I Am Malala: The Girl Who Stood Up for Education and Was Shot by the Taliban (2013), by Malala Yousafzai, 352 pp.  Malala tells of her life-shattering moment with Pashtun Taliban in a riveting memoir, “I Am Malala,” published this past week even as she was being cited as a possible candidate for the Nobel Peace Prize. Co-written with Christina Lamb, a veteran British journalist who has an evident passion for Pakistan and can render its complicated history with pristine clarity, this is a book that should be read not only for its vivid drama but for its urgent message about the untapped power of girls.

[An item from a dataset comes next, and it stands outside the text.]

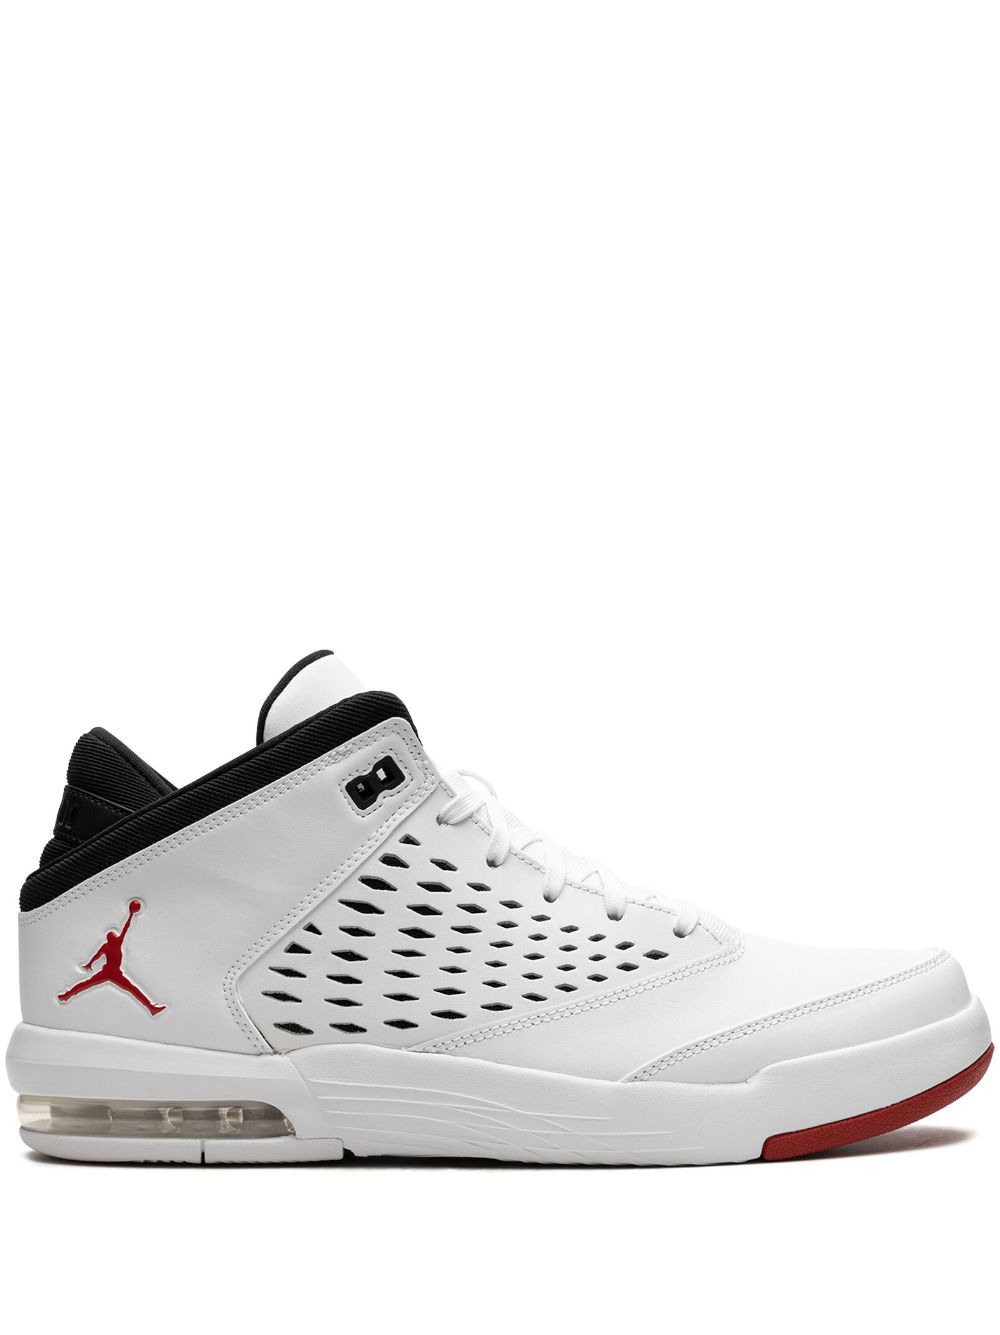 Jordan Flight Origin 4 sneakers

DOUBLE DOWN: Game Change 2012 (2013), by Mark Halperin and John Heilemann, 499 pp.  Details of the 2012 Presidential campaign.  Halperin and Heilemann had a huge success with their previous book, “Game Change,” a seemingly minute-by-minute account of the 2008 presidential campaign. Now they want the franchise, the way Theodore H. White had it with his “Making of the President” series in the 1960s. Their new book is chock-full of anecdotes, secret meetings, indiscreet remarks. They gathered string in 500 interviews. All the usual Washingtonians talked to them not for the sake of history, or even to make sure their side of the story got told, but because they wanted to be included. People buy the book for similar reasons. No one can compete. That’s what it means to own the franchise. It’s a small club: these two guys and Bob Woodward. And with this book, they’ve earned their admission.

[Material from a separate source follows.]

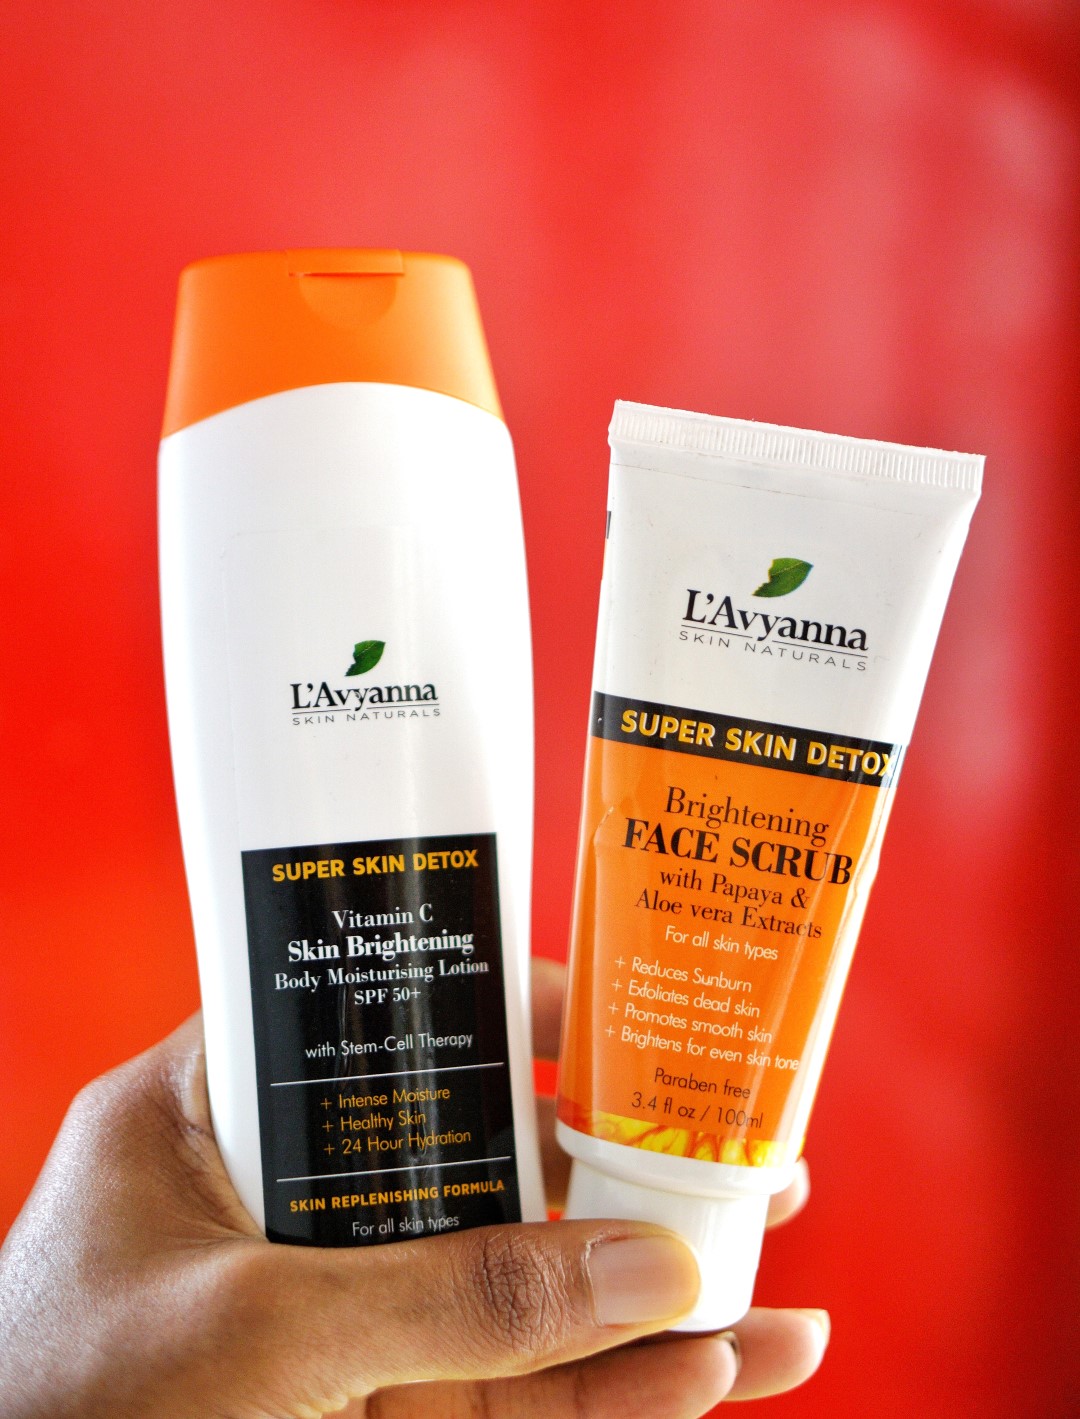 L'avyanna naturals products - super skin detox vitamin C lotion and face scrub

Lean In: Women, Work, and the Will to Lead (2013) by Sheryl Sanderg, 229pp. Her point, in a nutshell, is that notwithstanding the many gender biases that still operate all over the workplace, excuses and justifications won’t get women anywhere. Instead, believe in yourself, give it your all, “lean in” and “don’t leave before you leave” — which is to say, don’t doubt your ability to combine work and family and thus edge yourself out of plum assignments before you even have a baby. Leaning in can promote a virtuous circle: you assume you can juggle work and family, you step forward, you succeed professionally, and then you’re in a better position to ask for what you need and to make changes that could benefit others.